# CLOVE Package Tutorial

This notebook explores the key features and the basic usage of the hypCLOVE library, which allows for the embedding of networks into 2D hyperbolic space with exceptional efficiency in terms of runtime.

For more in-depth information about the package, please refer to the CLOVE article 
[here](https://www.nature.com/articles/s42005-025-02306-8)



# Basic usage of CLOVE

## Importing CLOVE

In [2]:
# If the CLOVE package is already installed, you can import it like this:
import hypCLOVE.hypCLOVE as clove

## Running default CLOVE

In [65]:
# How to Embed a Graph Using .embed from the clove Module

# Example:
# - First, generate a Barabási-Albert graph using NetworkX:
import networkx as nx

G = nx.barabasi_albert_graph(n=20, m=2)

# Now, lets embed the previous Barabási-Albert graph into 2D hyperbolic space by using the `clove.embed` method.
#   The simplest usage only requires passing the `nx.Graph` object.
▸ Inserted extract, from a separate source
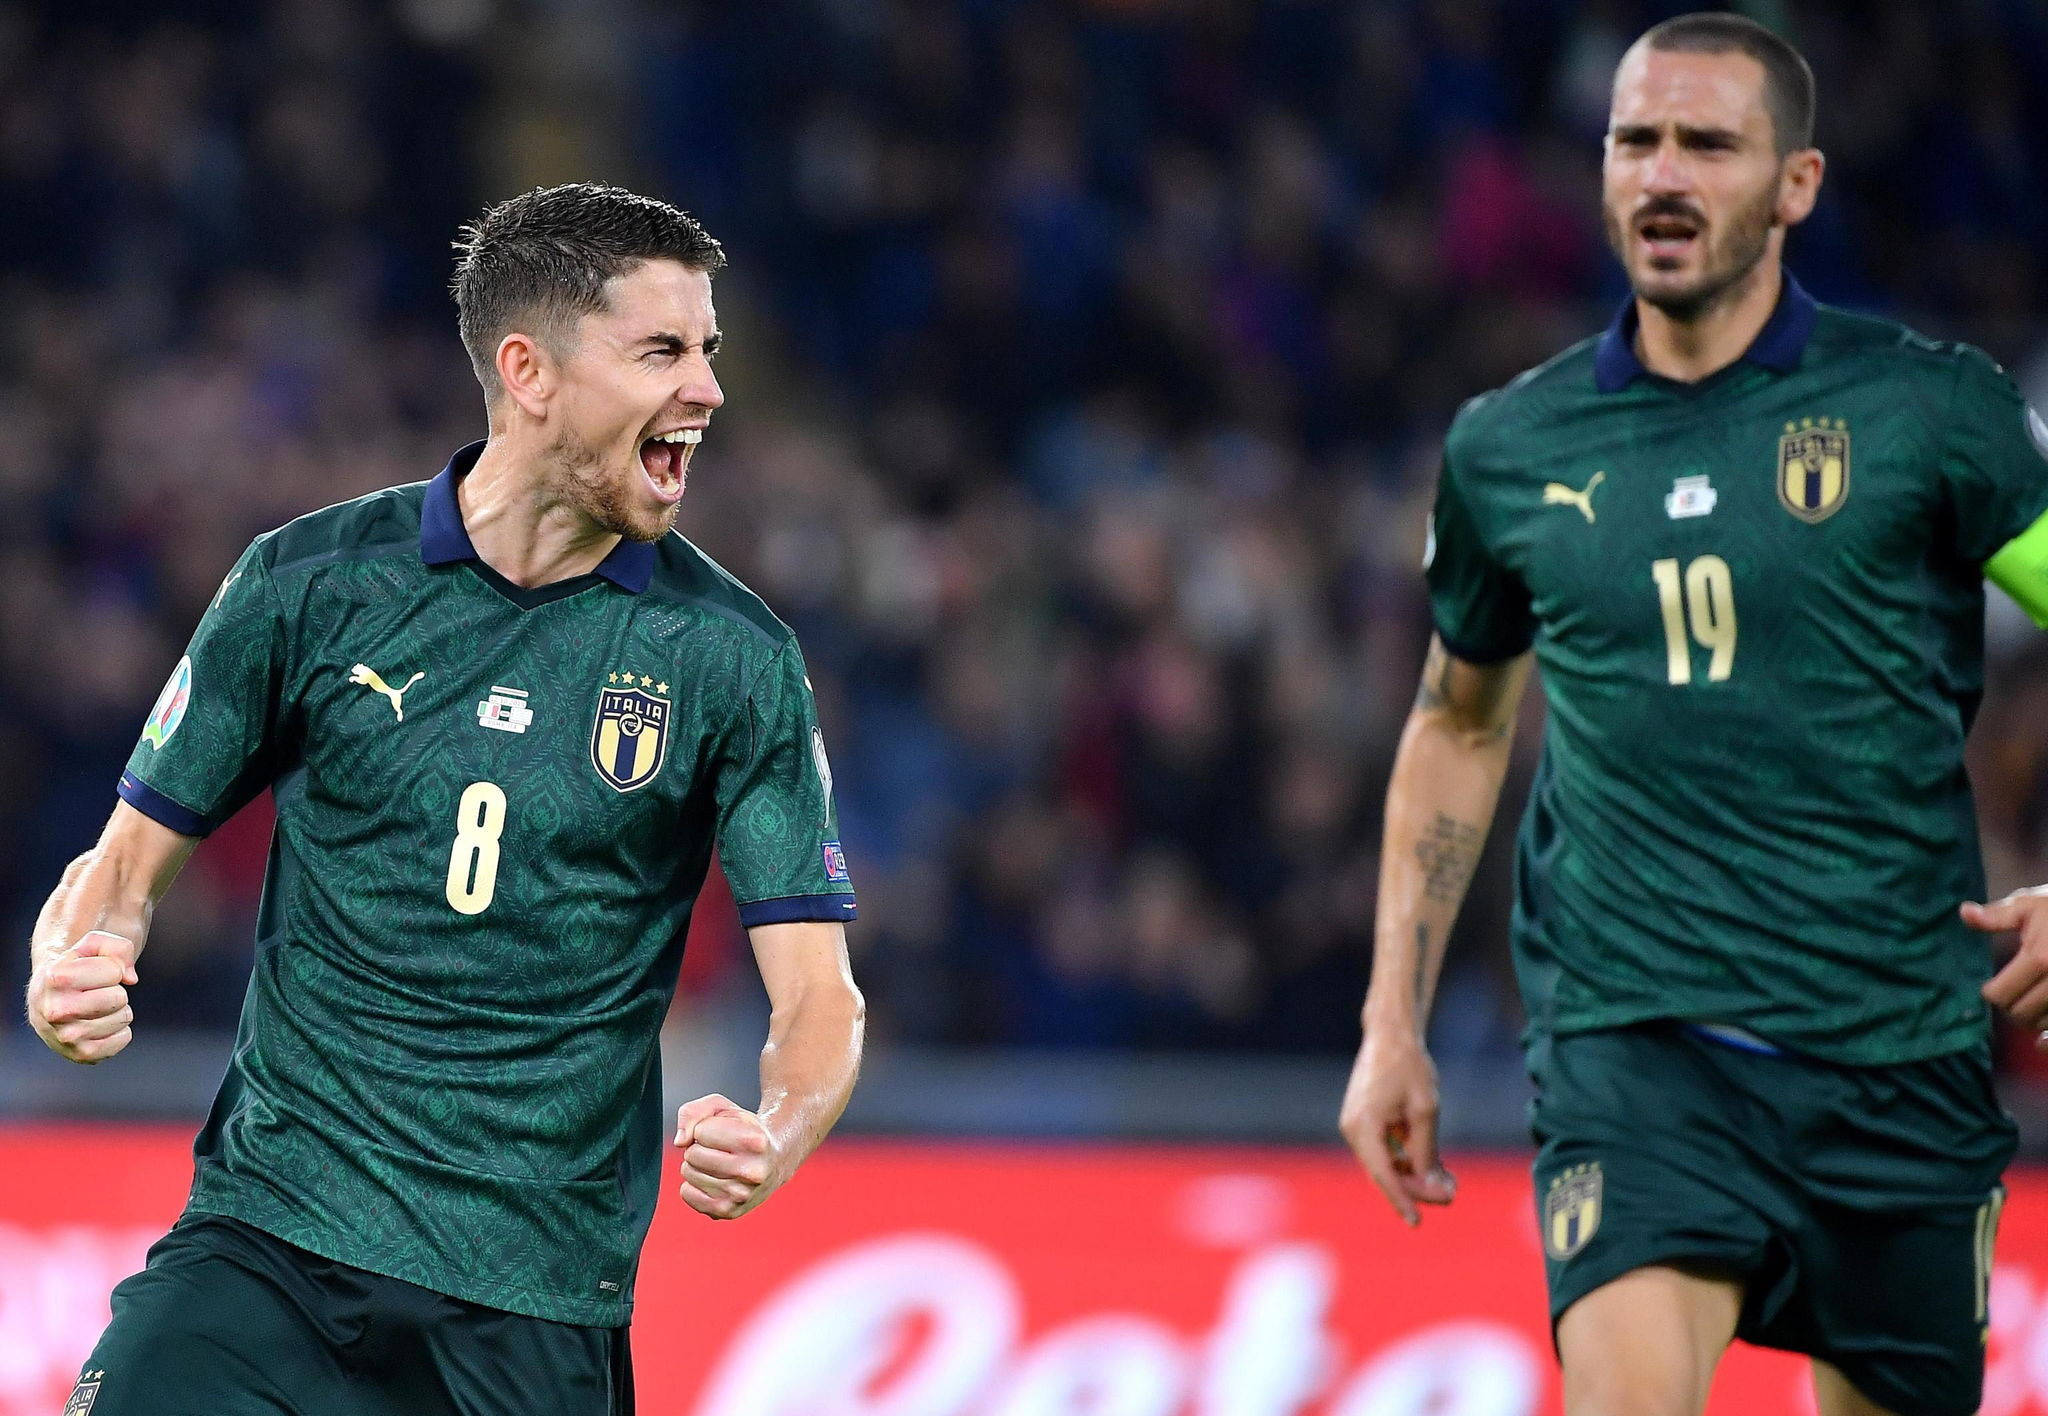 Clasificacion Eurocopa 2020: Italia se saca la espina del Mundial: gana a Grecia y se clasifica para la Eurocopa - Clasificación Eurocopa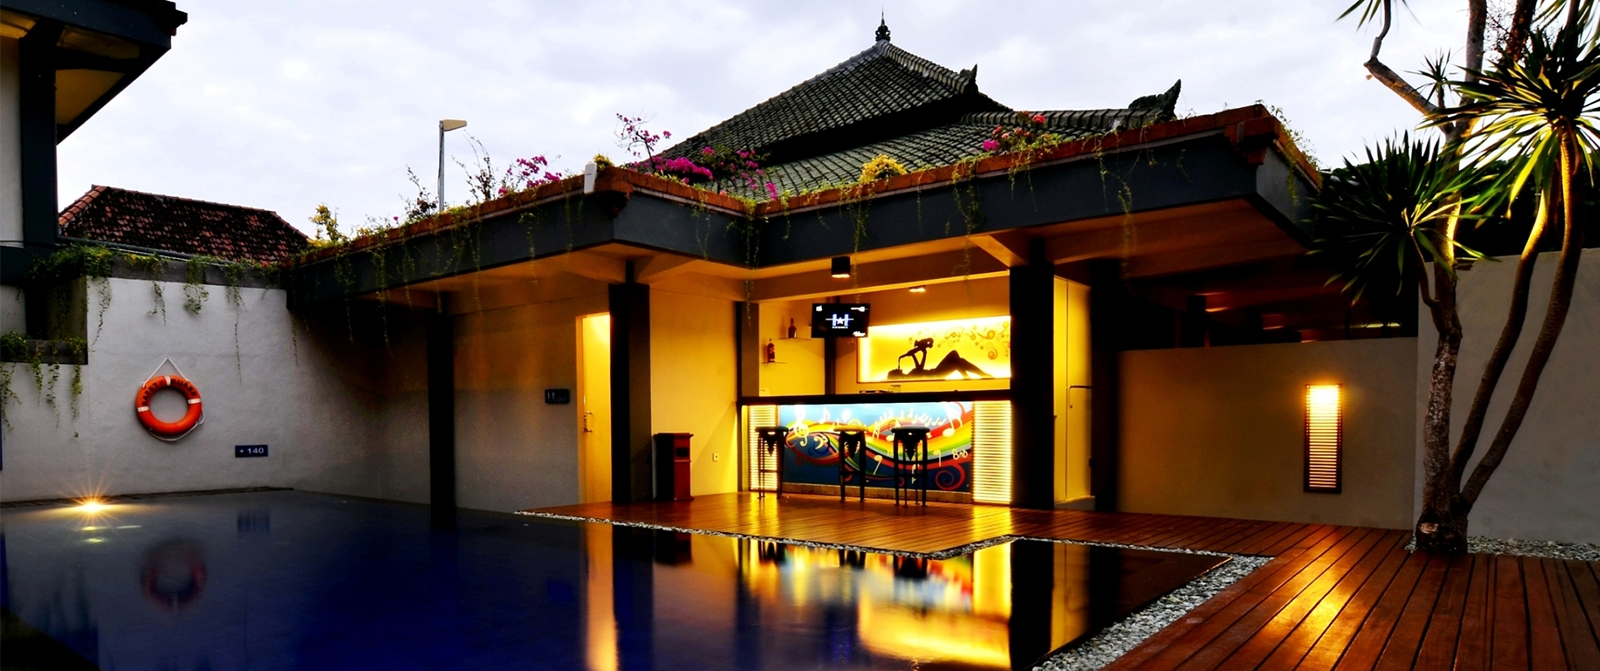 Yani Hotel The Choice To Stay At Bali

By default, `inplace=False`.
#   If `inplace=True`, the graph `G` will be modified with the coordinates directly.

embedding = clove.embed(G)

In [66]:
# When 'inplace' is set to False, the method returns a dictionary (embedding) with the following keys:

# 1) 'beta_inf': the inferred popularity fading parameter, related to the degree exponent (g) as beta_inf = 1 + 1/g.
# 2) 'dendrogram': the inferred multi-level community structure that determines the arrangement of the nodes.
# 3) 'coords': the inferred cartesian coordinates of the nodes in the native representation of the hyperbolic disk. 
#     If 'return_cartesian' is set to False, 'coords' returns polar coordinates (first radial, second angular)
# 4) 'parameters': all the parameters used during the fitting process.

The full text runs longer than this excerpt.